Every so often, along comes someone who just determines that the game is a tad “tilted” and decides not to belly up to that table. On second thought, decides to construct a new game of their own making and constructed in such a level way that public good ranks right up there with making a fair profit.
The game in question is Big Pharma, of course, which everyone knows has manipulated the research, manufacturing, and sales of life-saving medicines to generate as fat a margin as can be mustered – public be damned, and shareholders be pleased.
As Barbara Handelin, founder and CEO of Audacity Therapeutics explains it, developing medicines is a high-risk investment and high risk demands a high return. It makes sense for Wall Street to encourage the development of medicines for a select few diseases that can satisfy its investors.
Pharma companies have to focus on either very large markets (common diseases) in chronic conditions (e.g. high blood pressure or cholesterol) where billions of pills can be sold at good profit margins, or as above, on bespoke medicines in small patient groups where a single lifesaving medicine is very expensive per patient.
So, what’s her company’s problem with these choices?

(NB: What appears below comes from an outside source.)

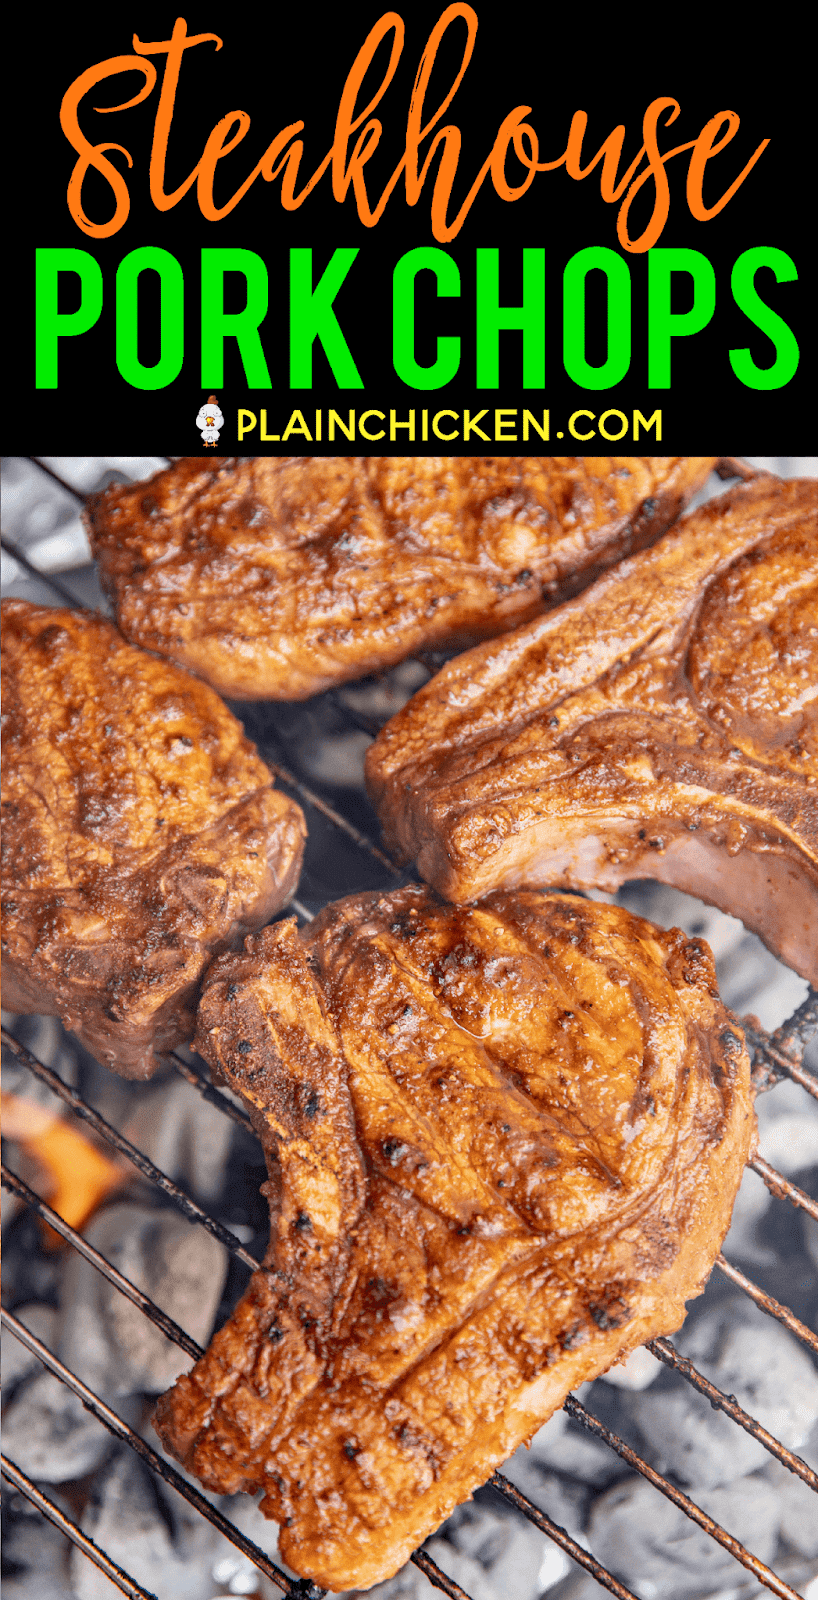 Steakhouse Pork Chops - Plain Chicken

For one, she says, “We have developed drugs for only 10 percent of the roughly 6,500 human diseases we know about – and at increasingly stratospheric prices.
I feel the need for greed
(Forgive my dragging Top Gun into this, but the comparison to Top Dollar was irresistible. The comparison strengthens when you realize that our high-flying friends in Pharma want to stay “up there” – cuz that’s where the money is. There is no incentive to be found in drugs priced below the stratosphere.)
Once upon a time, biotech companies set out to radically redefine human disease and treatment from the DNA on up and bring medicinal chemistry (pharmaceuticals) out of the dark ages. So far, so good.
As Dr Handelin describes it, the problem was the evolution of biotech financing which has established a general expectation of spectacular returns in this industry. This expectation is set by the sources of investment capital available to build these companies, from private (e.g., Venture) seed capital, seeking extraordinary ROI, to shareholder pressures in the public markets.
She sighs, “No one seems to have asked a basic social question: should we be generating huge profits in the medical industry? Or is medicine one of those sectors that is too essential for our basic welfare to allow for financial ‘gaming’ here everyone but the patient is financially rewarded?”
The Audacity alternative
“What if there were biomedical and pharmaceutical companies with a primary purpose and duty to make as many affordable medicines for as many disease conditions as possible?” she asks.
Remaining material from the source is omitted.